Mei Wu (Chinese: 梅武; Pinyin: Méi Wǔ) a character featured within the classic Chinese novel Fengshen Yanyi.

Mei Wu has been a high-ranking officer under the renowned Shang Dynasty for many a year, and has gained great renown for his loyalty. Following Chong Houhu's coalition against the rebel leader, Su Hu, Mei Wu would be the right hand general serving under the Chong. After Chong finally arrived at the gates to Su Hu's Ji province, Mei Wu had been the first general to respond to the duke's call -- the capture of Su Hu. 

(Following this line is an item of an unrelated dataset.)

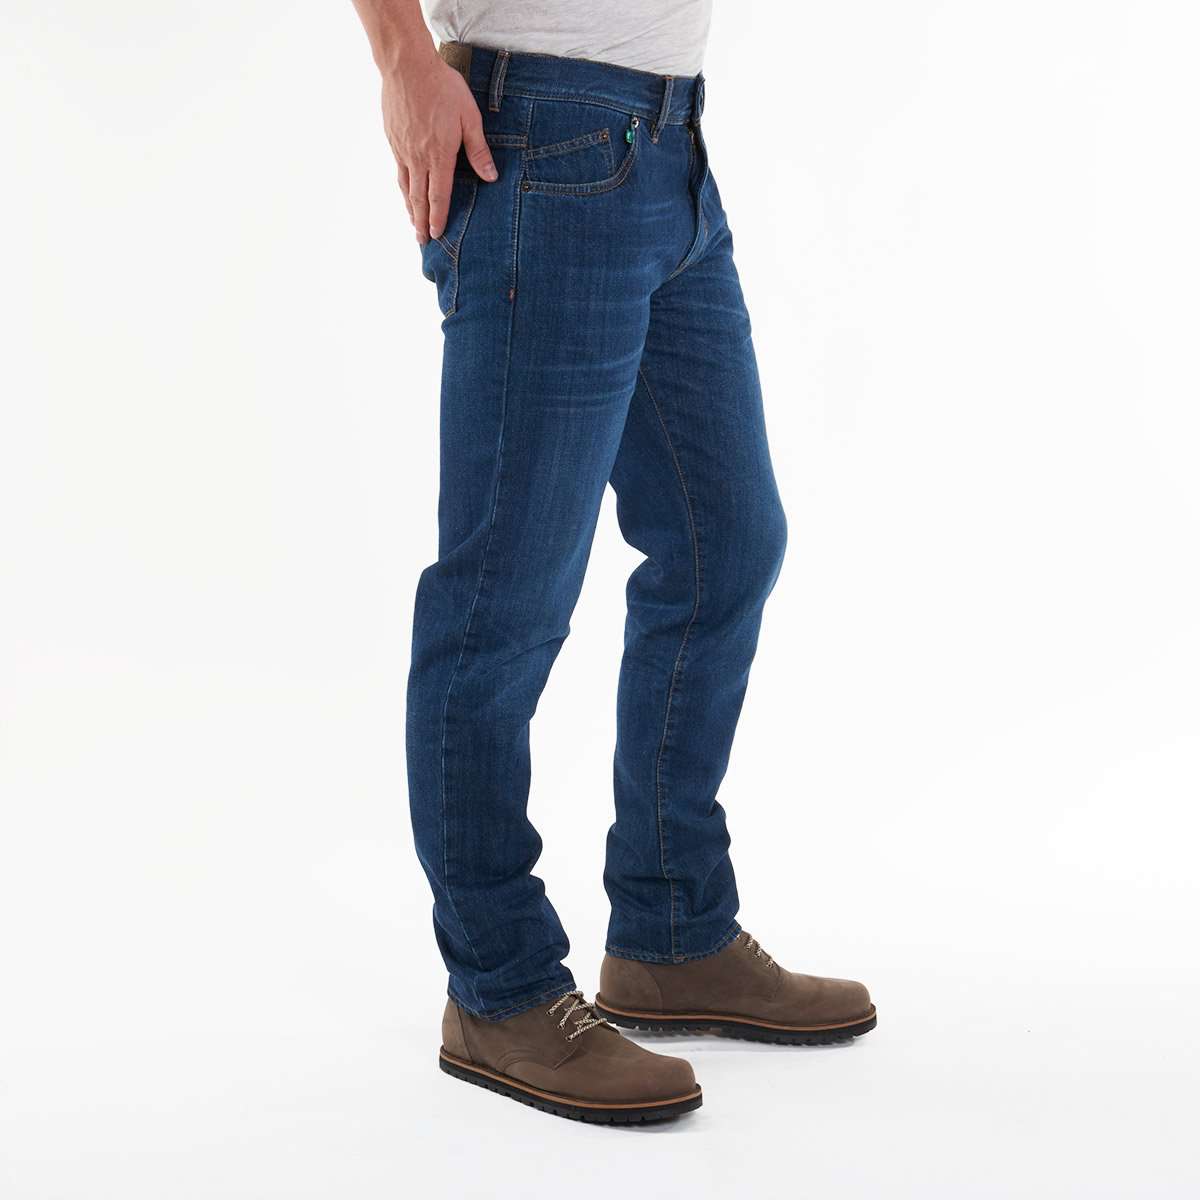 Herren-Jeans von fairjeans: Regular Fit, bequeme Gerade, 100% Bio-Baumwolle, leichter Used-Look

When the renowned Mei Wu appeared before Su Hu, he could be seen riding atop a chestnut stallion, wearing bright golden armor, a Phoenix Wing's helmet, and a bright red robe with a lion-headed belt. After the son of Su Hu - Su Quanzhong - appeared as Su Hu's protecter, Mei Wu shouted these words at him: "Su Quanzhong! You, father and son, are committing a capital crime! You know the king's army can very easily overwhelm your region and destroy your ancestral shrine!" Thus, Mei Wu, who wielded a golden axe, charged at Quanzhong; a fine duel then ensued between the two great warriors. After the two warriors had fought for more than twenty rounds, Quanzhong finally found an opening and slashed Mei Wu off his horse with his spear. A major battle then ensued, resulting in the fleeing of Chong, and the death of the great Mei Wu.

Mei Wu was appointed as the deity of Tiankong Star (天空星) in the end.

Notes

References
 Investiture of the Gods - Chapter 2 (pages 21-22)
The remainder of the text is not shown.